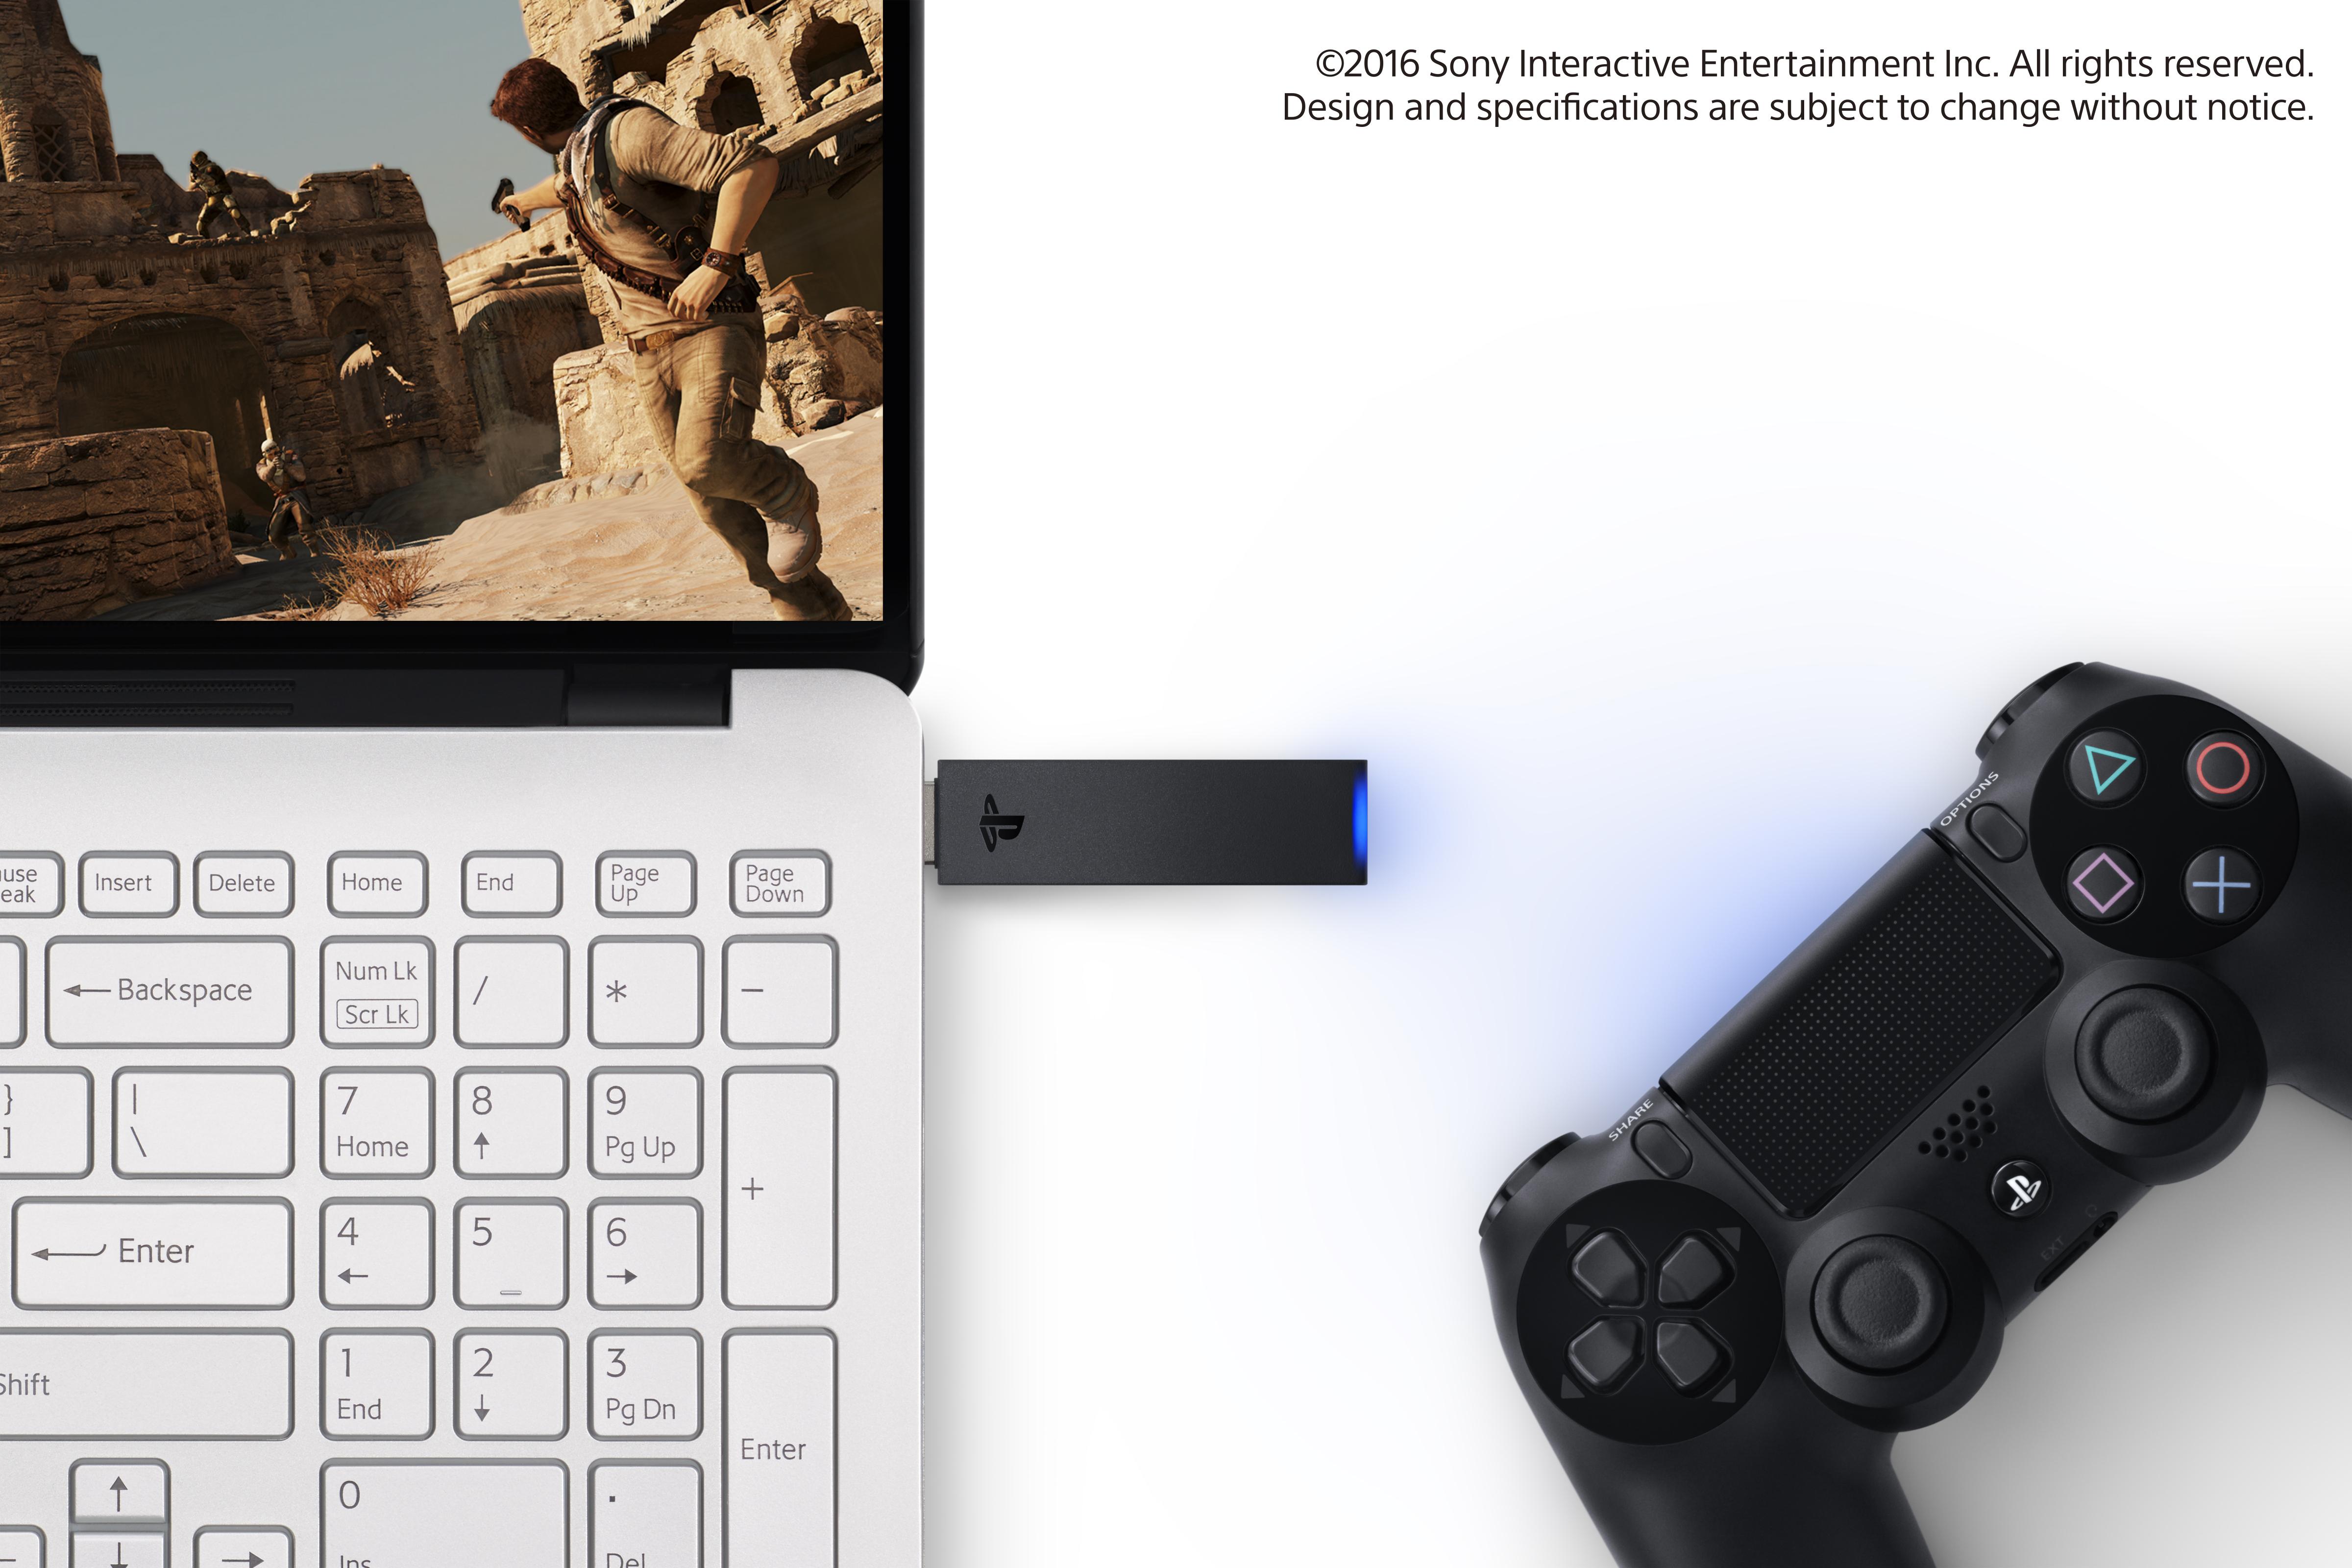 Oficiálně: Služba PlayStation Now bude k dispozici i na PC 129268
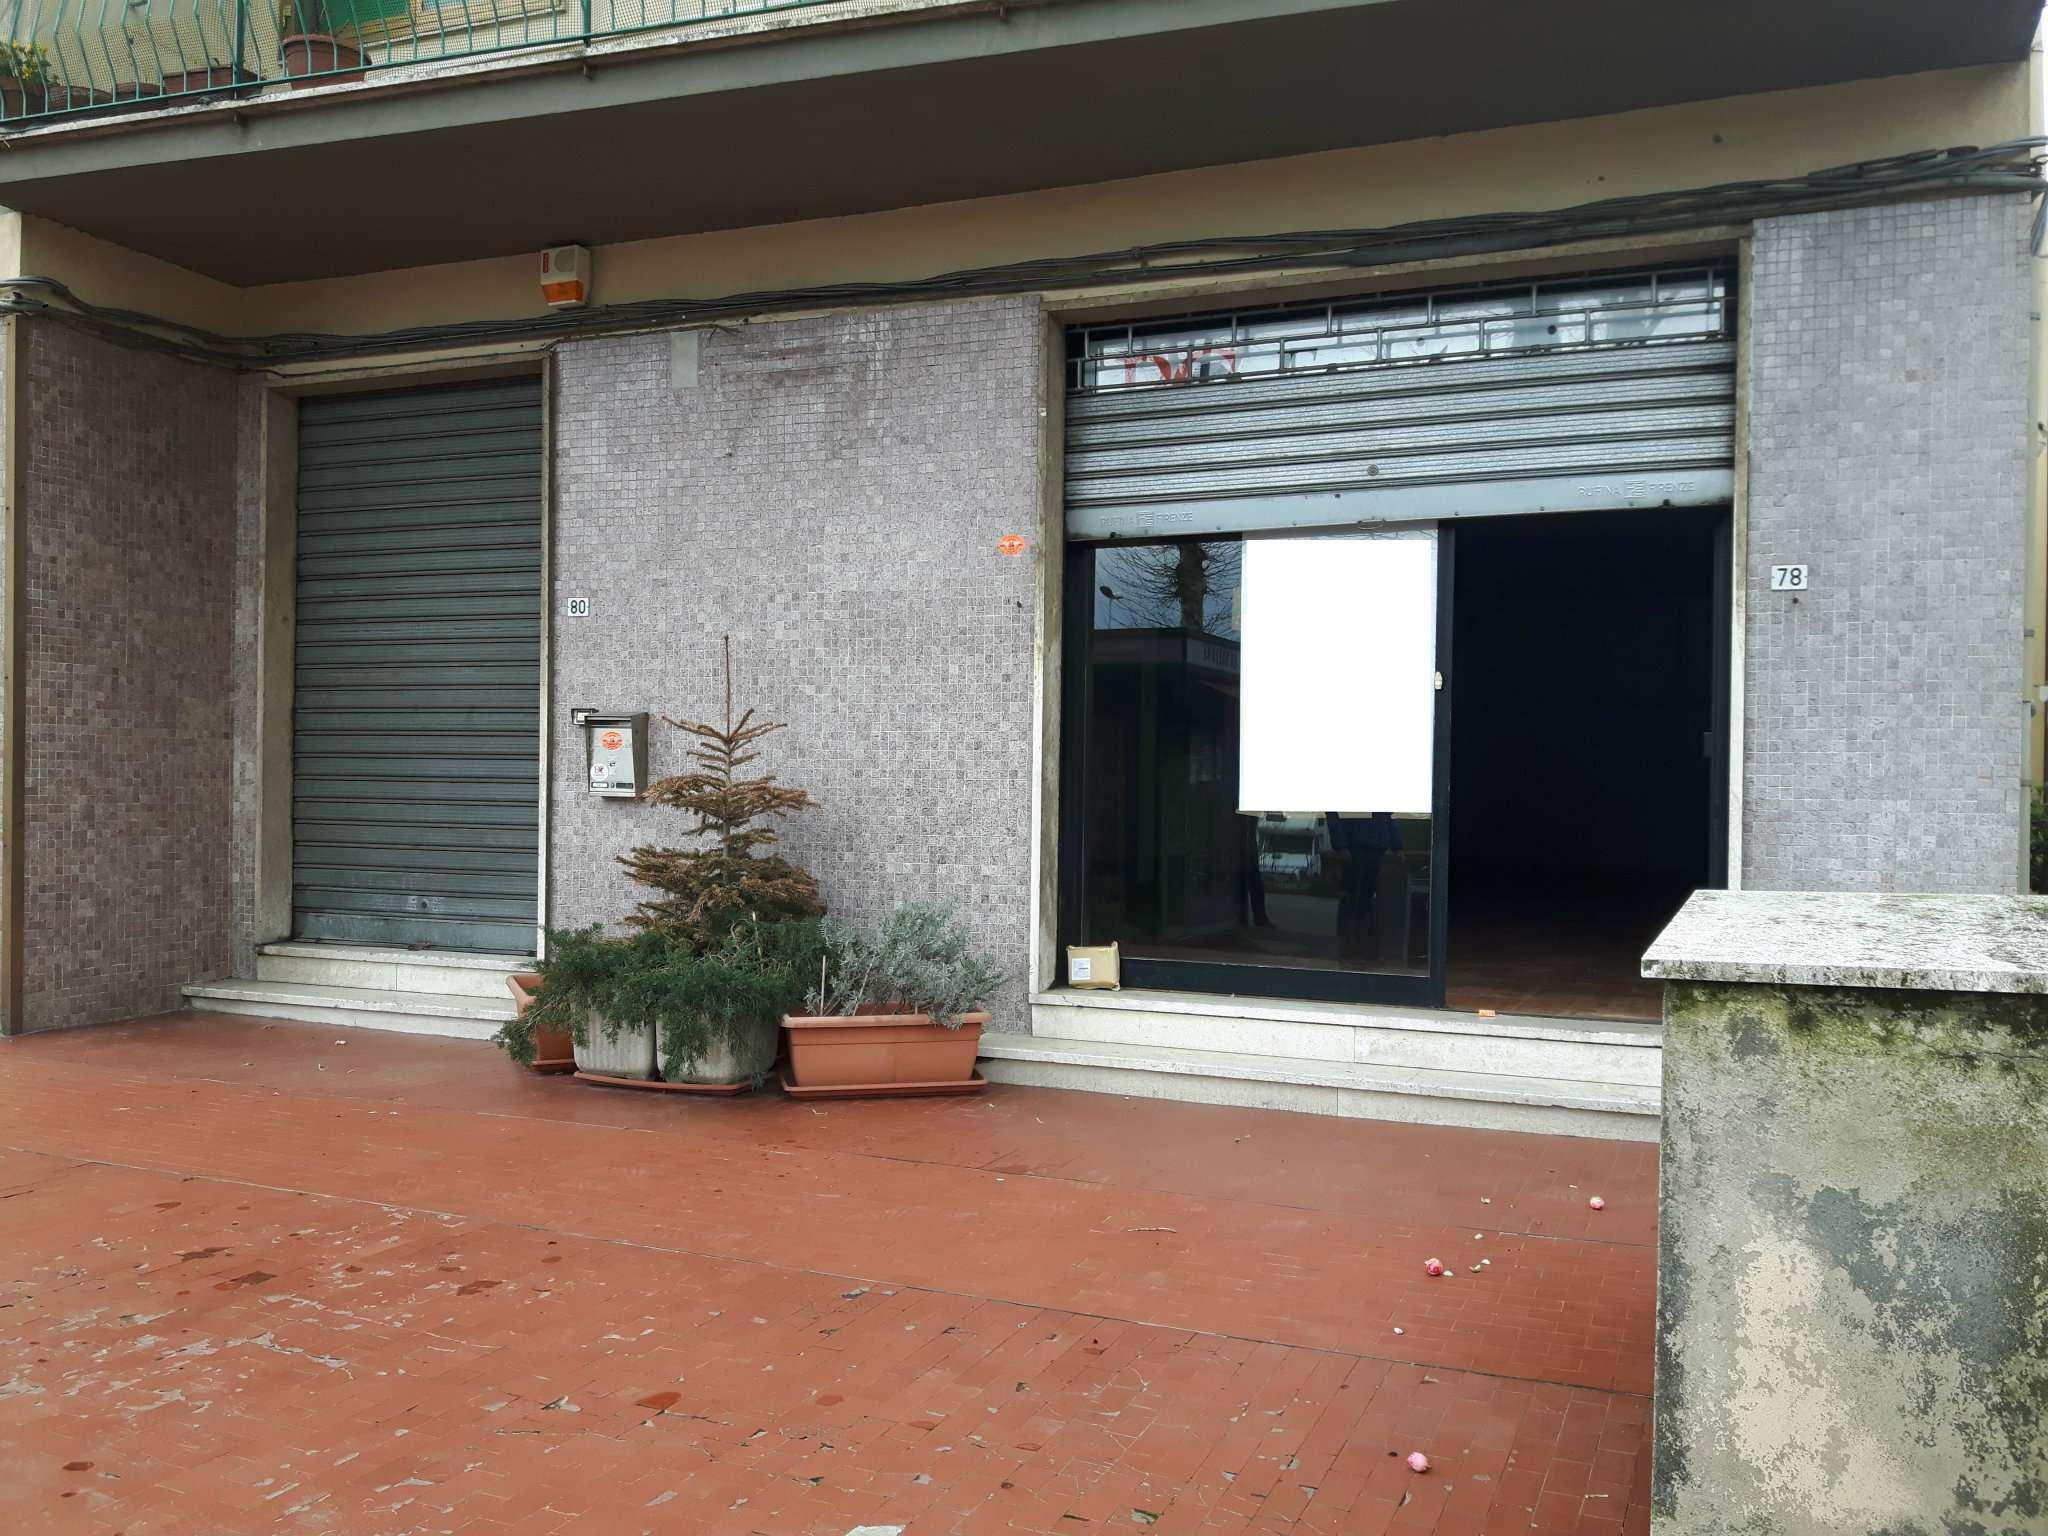 Negozio / Locale in vendita a Campi Bisenzio, 3 locali, prezzo € 145.000 | Cambio Casa.it
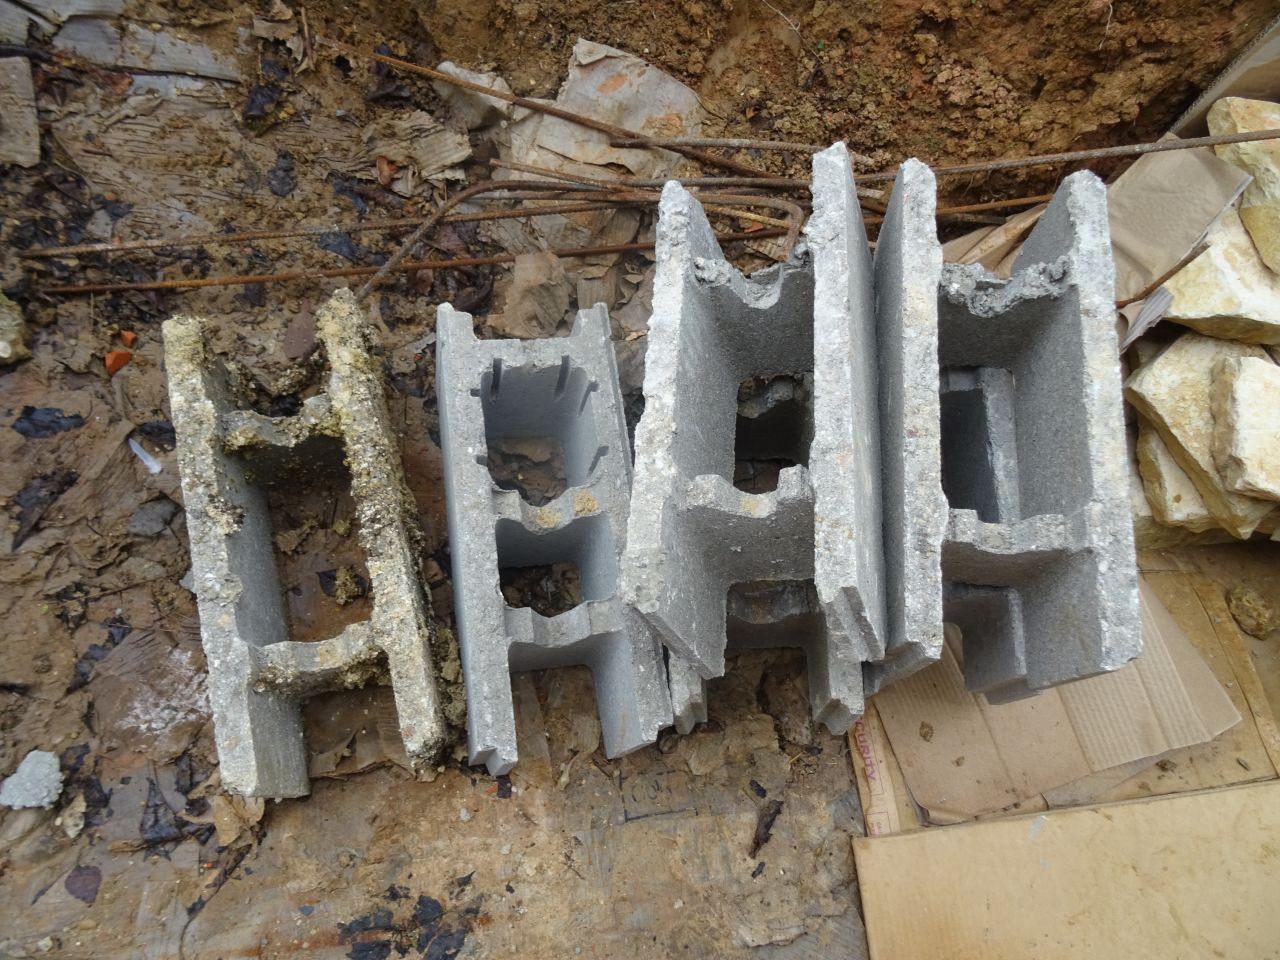 Les briques de récup avec lesquelles ils vont nous faire de beaux murs de soutènement...

### Task instructions
Copy the listing exactly, omitting pictures.

### Response
 Oficiálně: Služba PlayStation Now bude k dispozici i na PC 129268
 Negozio / Locale in vendita a Campi Bisenzio, 3 locali, prezzo € 145.000 | Cambio Casa.it
 Les briques de récup avec lesquelles ils vont nous faire de beaux murs de soutènement...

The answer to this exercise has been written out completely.